▸ **WORK INSTRUCTION**
Reproduce the data below in full and to the letter, images excepted.

▸ **INFORMATION SUPPLIED**
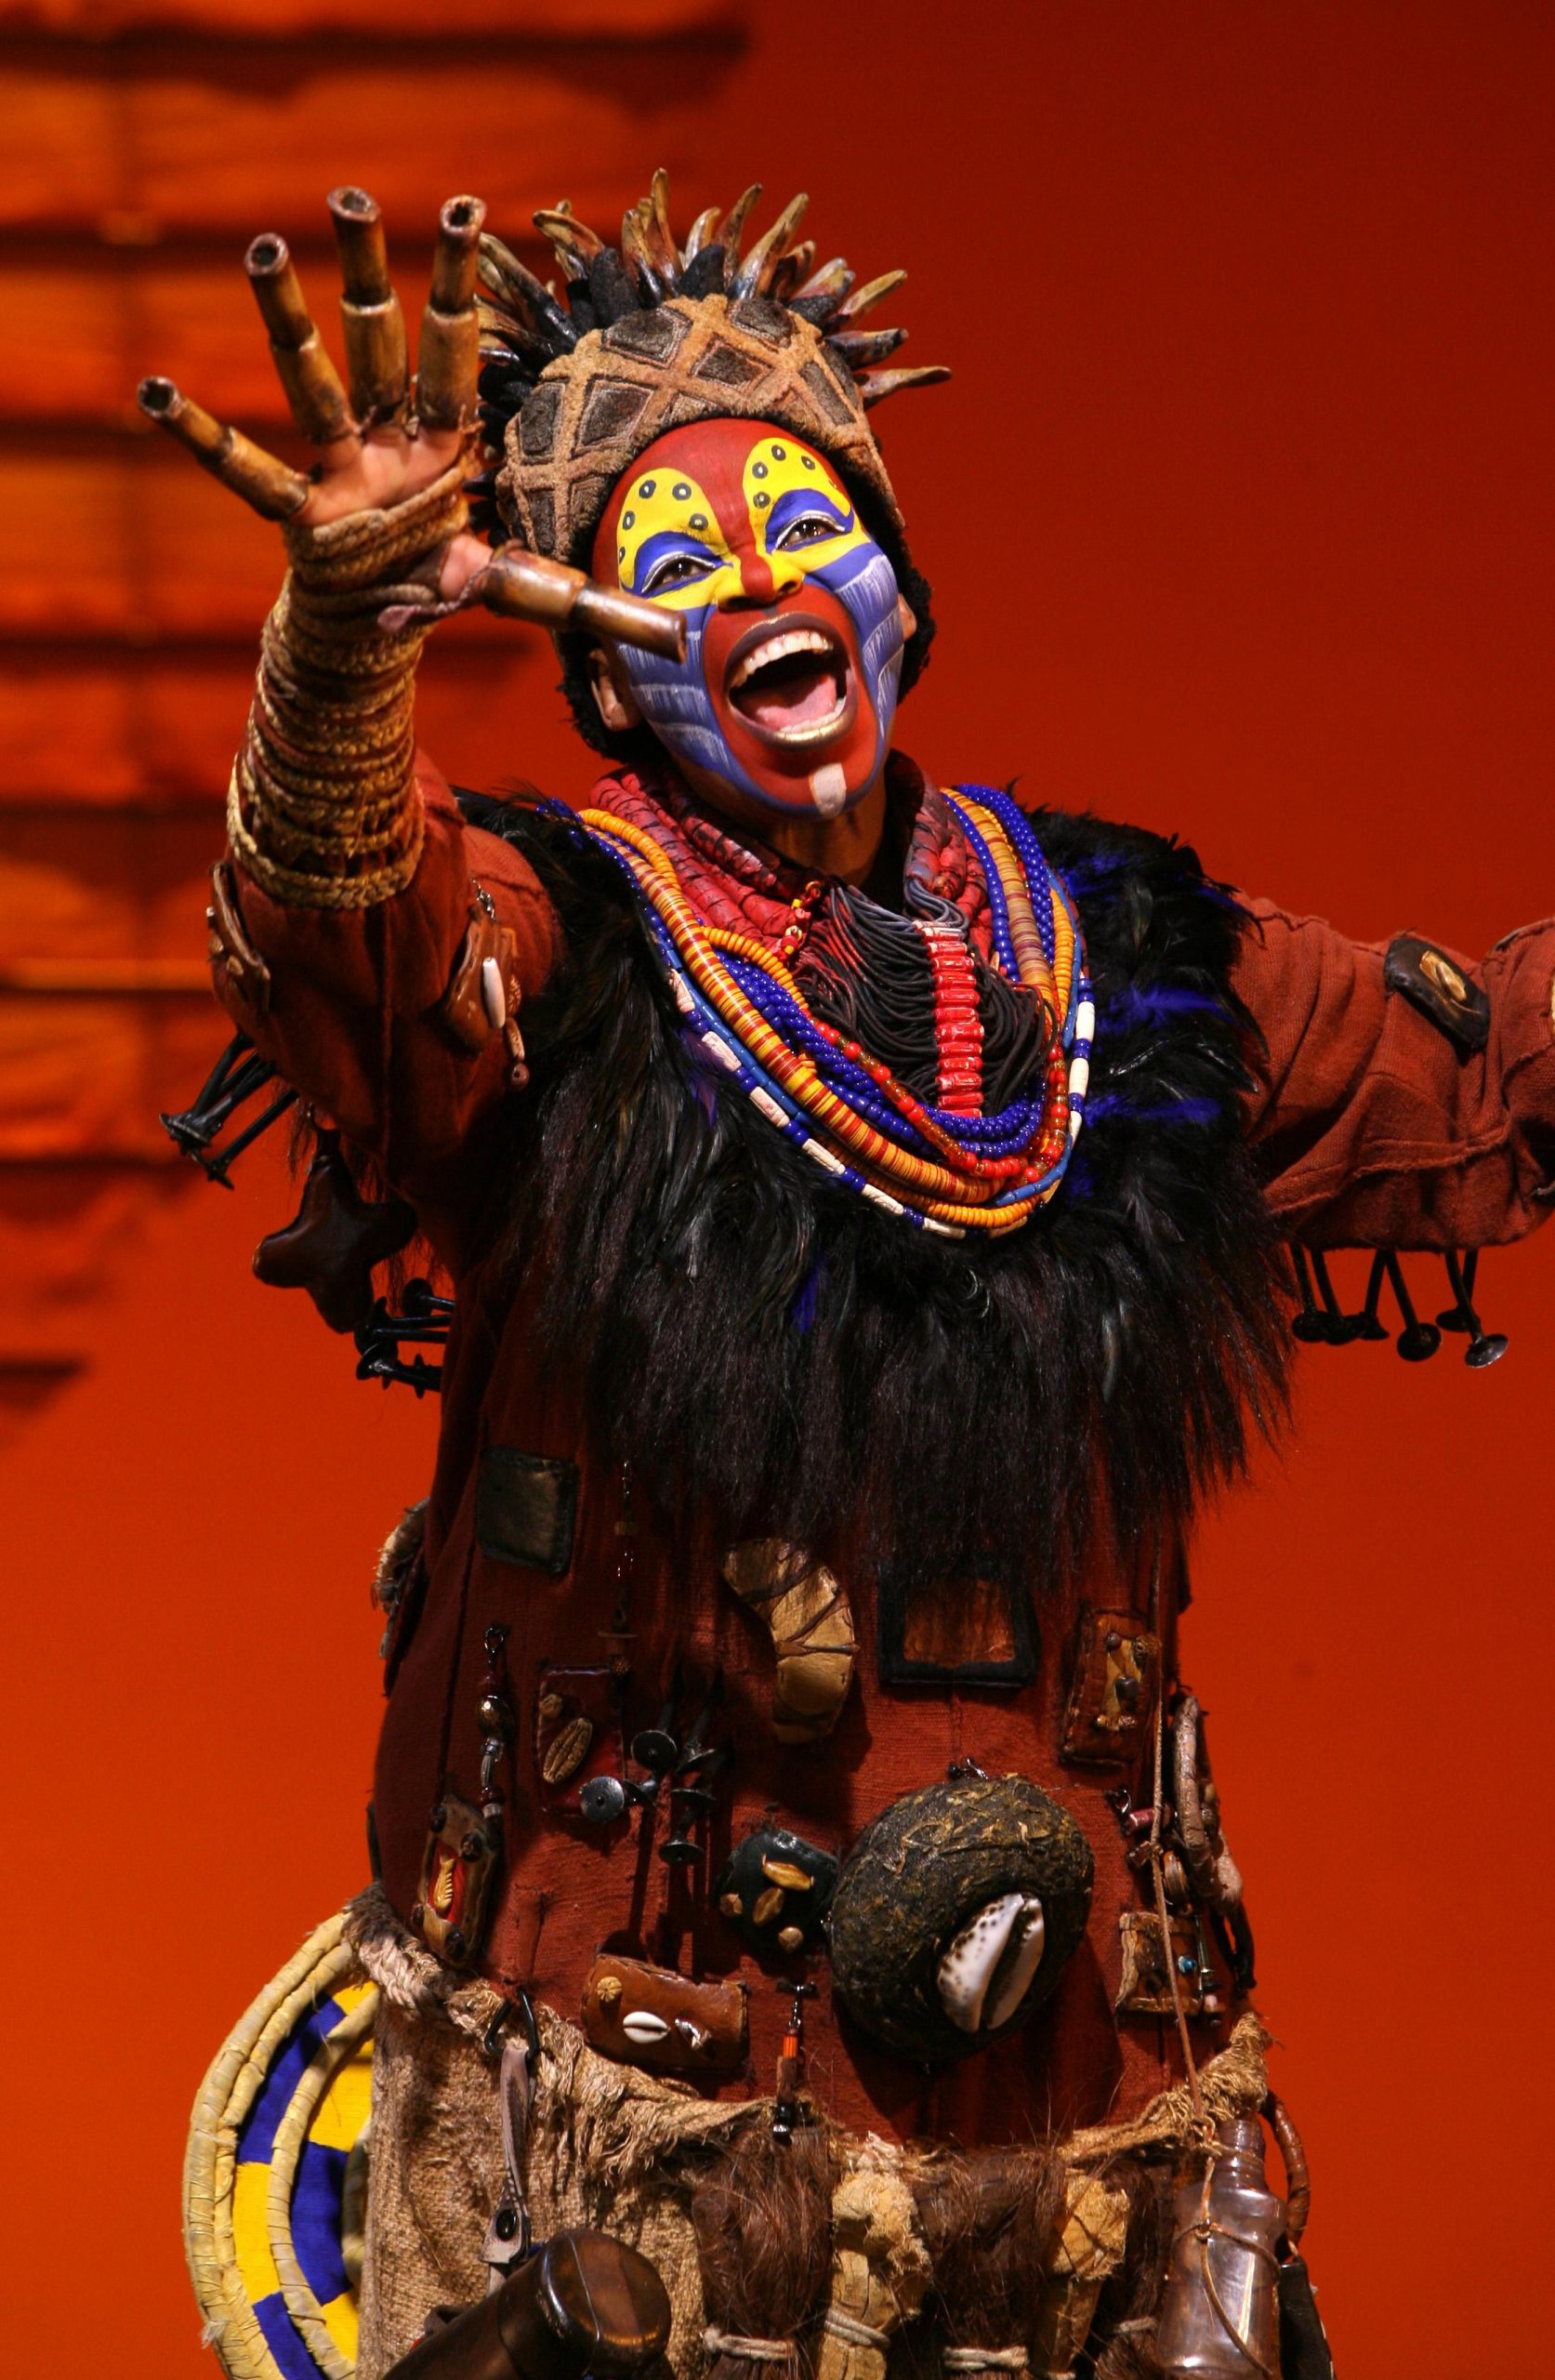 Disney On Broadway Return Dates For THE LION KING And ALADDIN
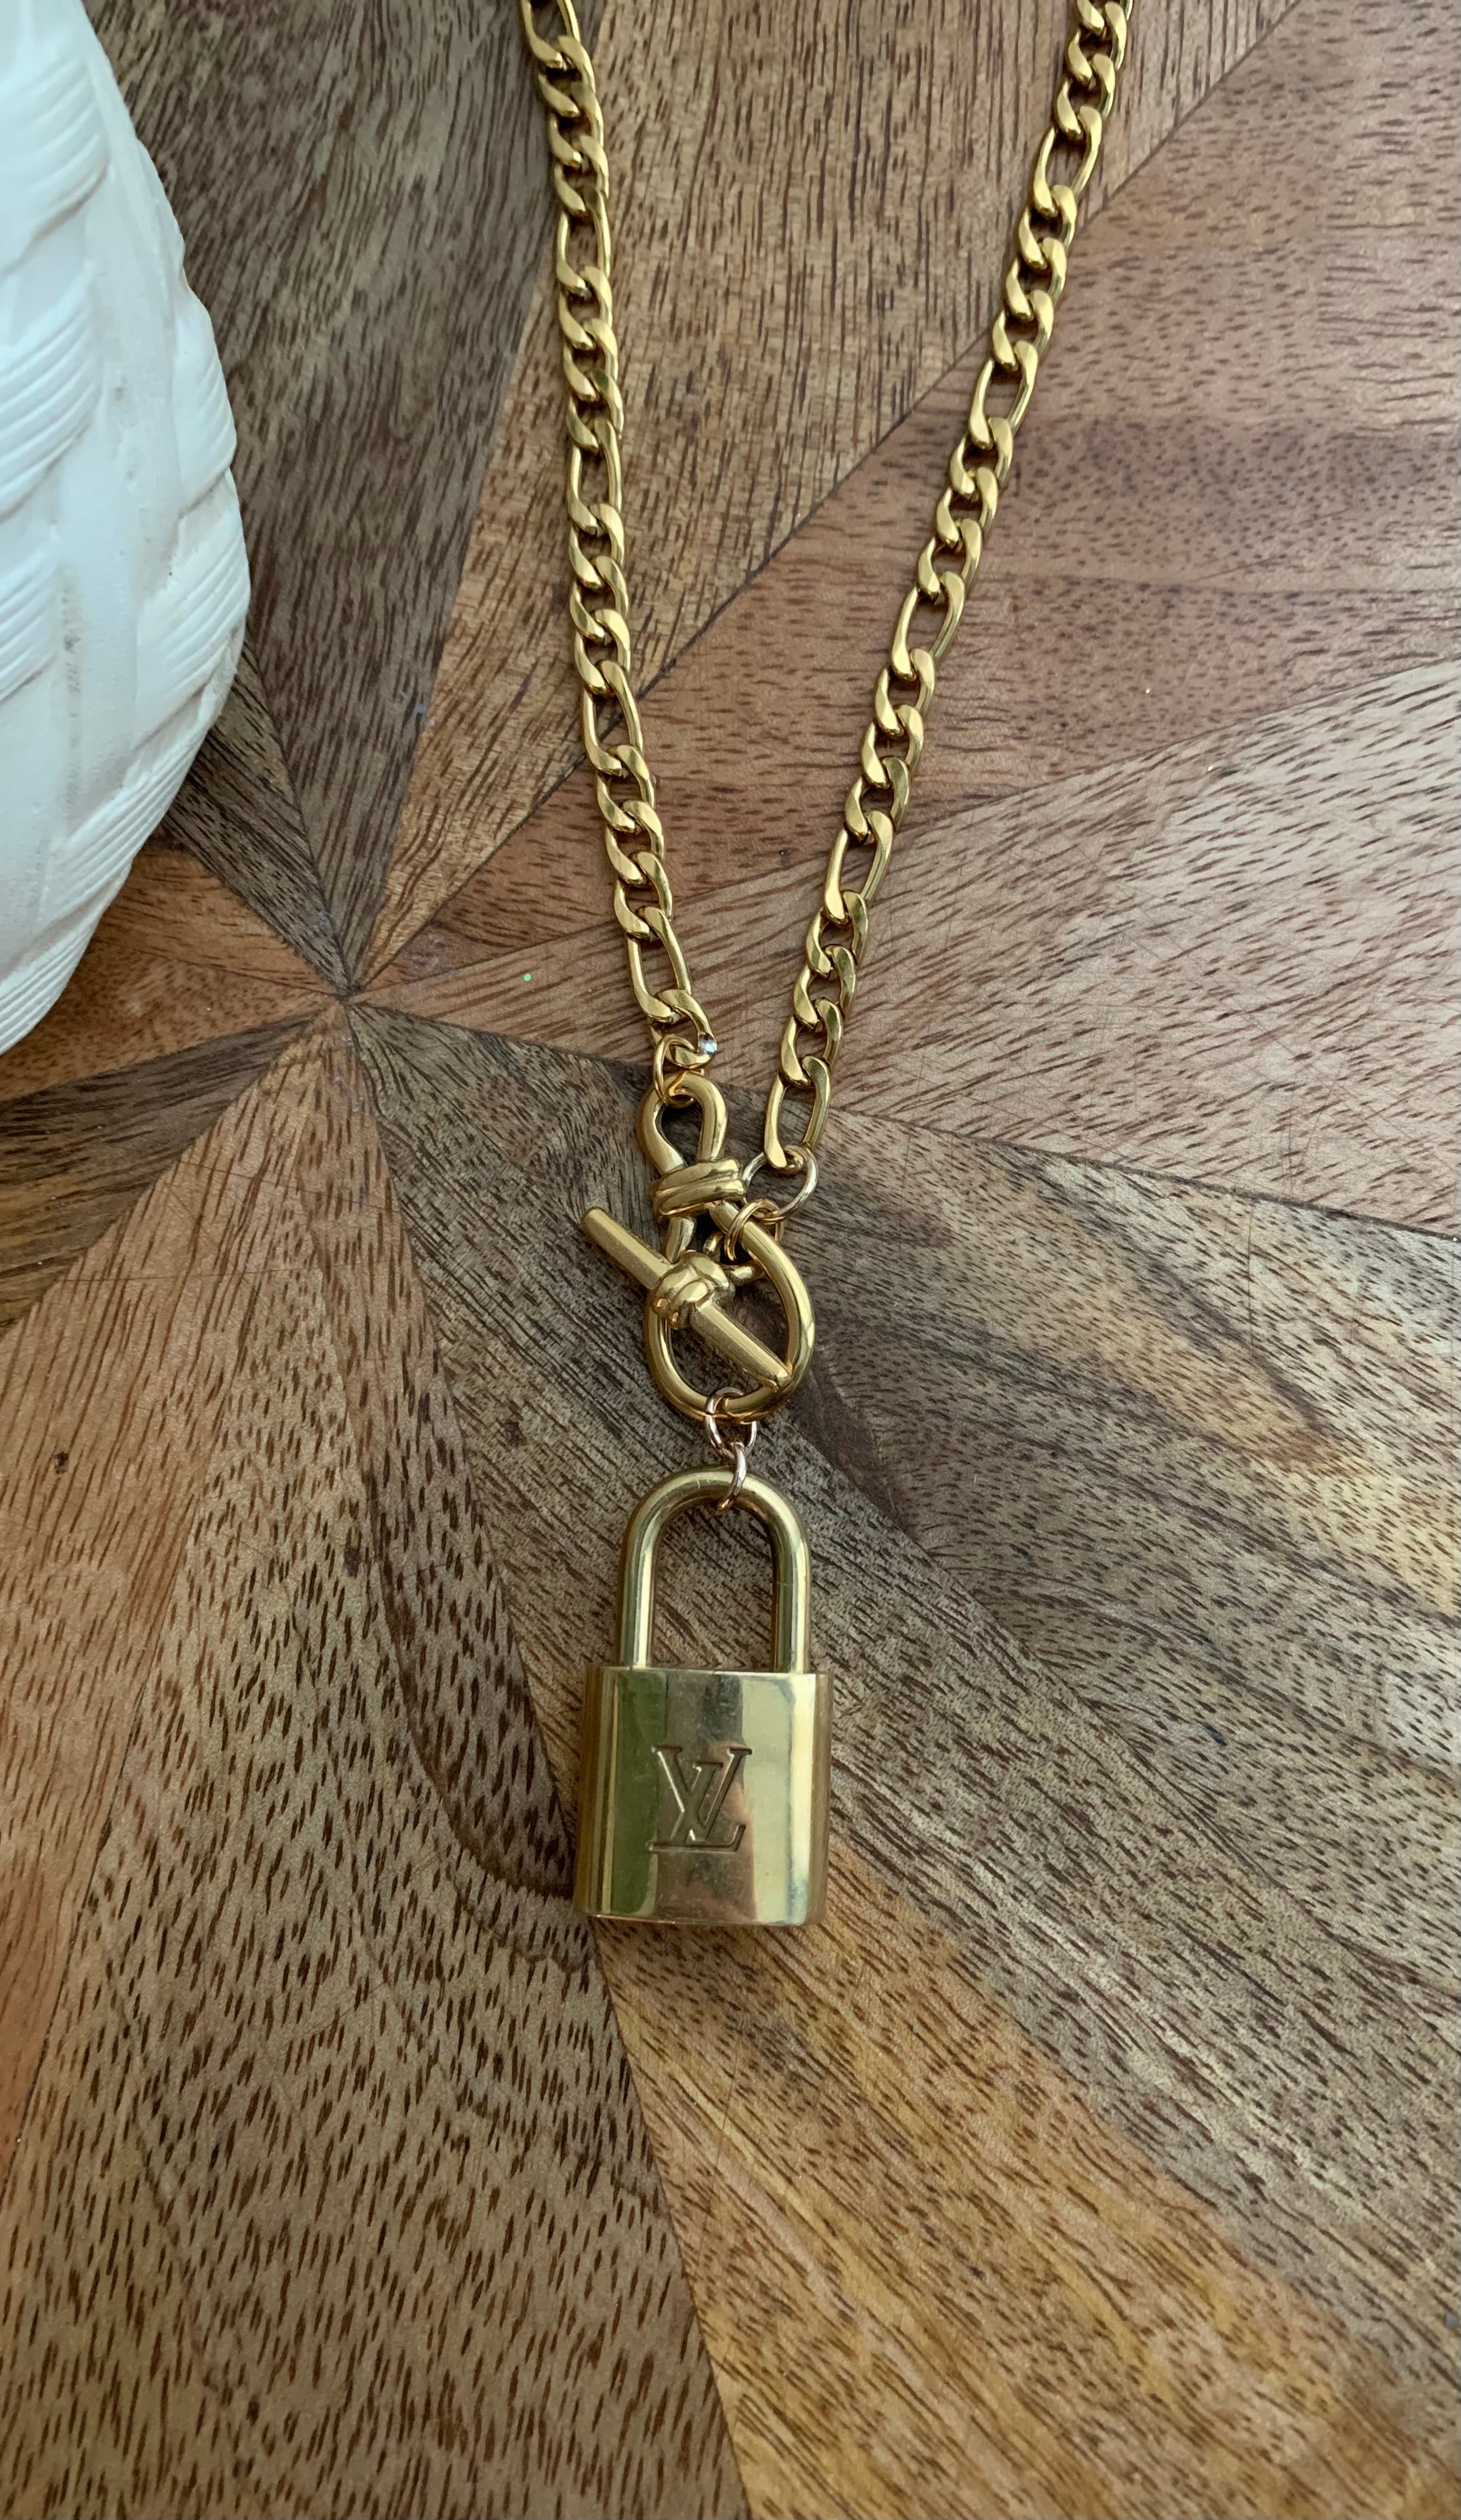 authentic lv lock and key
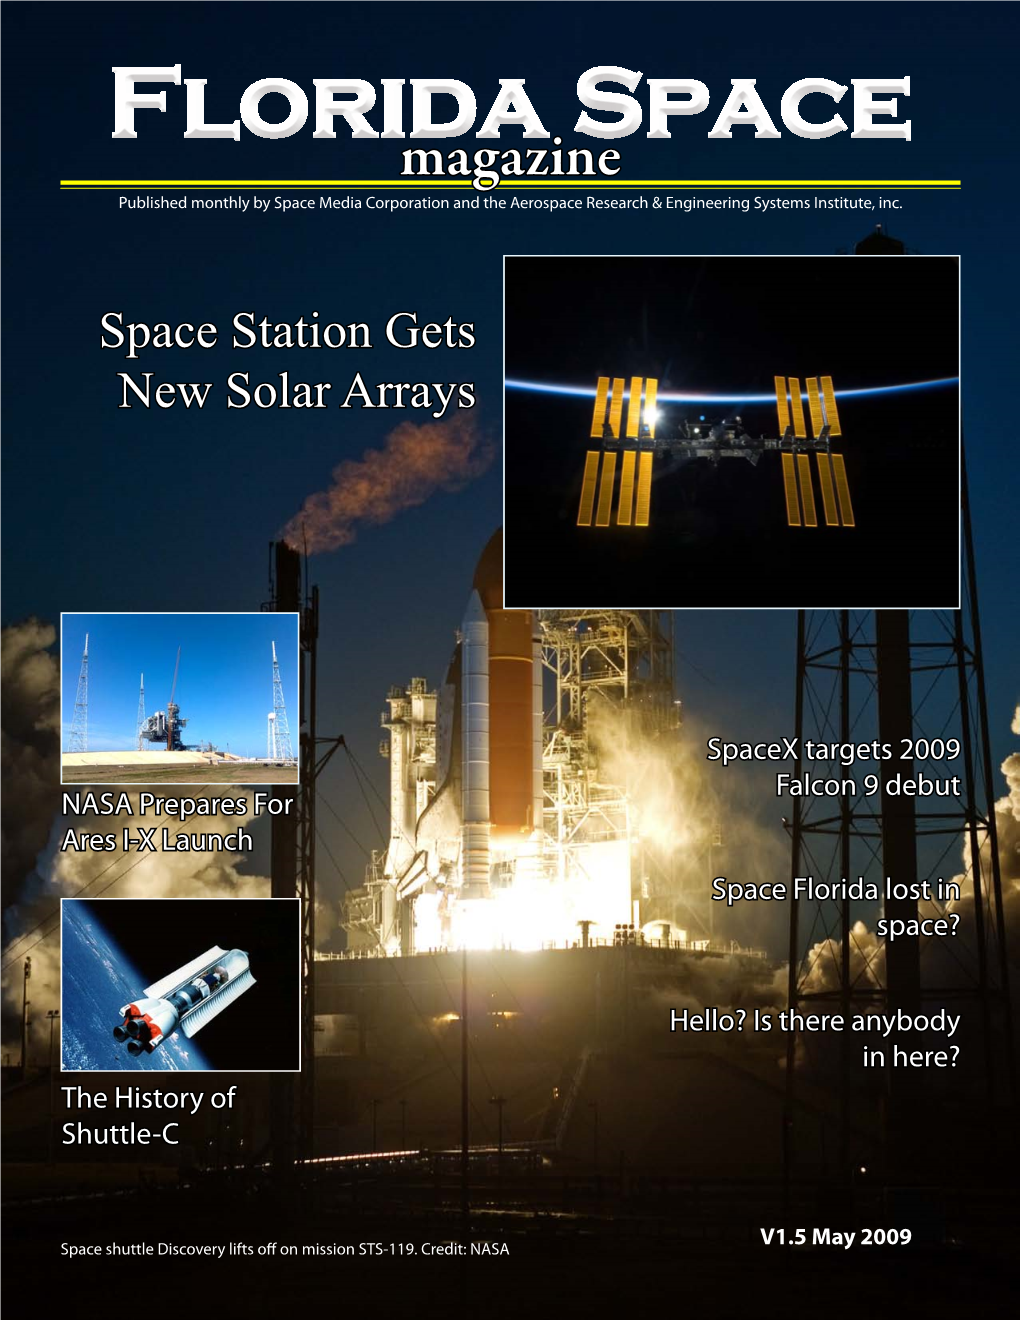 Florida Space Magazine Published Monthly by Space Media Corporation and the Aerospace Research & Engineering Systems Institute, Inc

▸ **SOLUTION FOR THIS EXERCISE**
 Disney On Broadway Return Dates For THE LION KING And ALADDIN
 authentic lv lock and key
 Florida Space Magazine Published Monthly by Space Media Corporation and the Aerospace Research & Engineering Systems Institute, Inc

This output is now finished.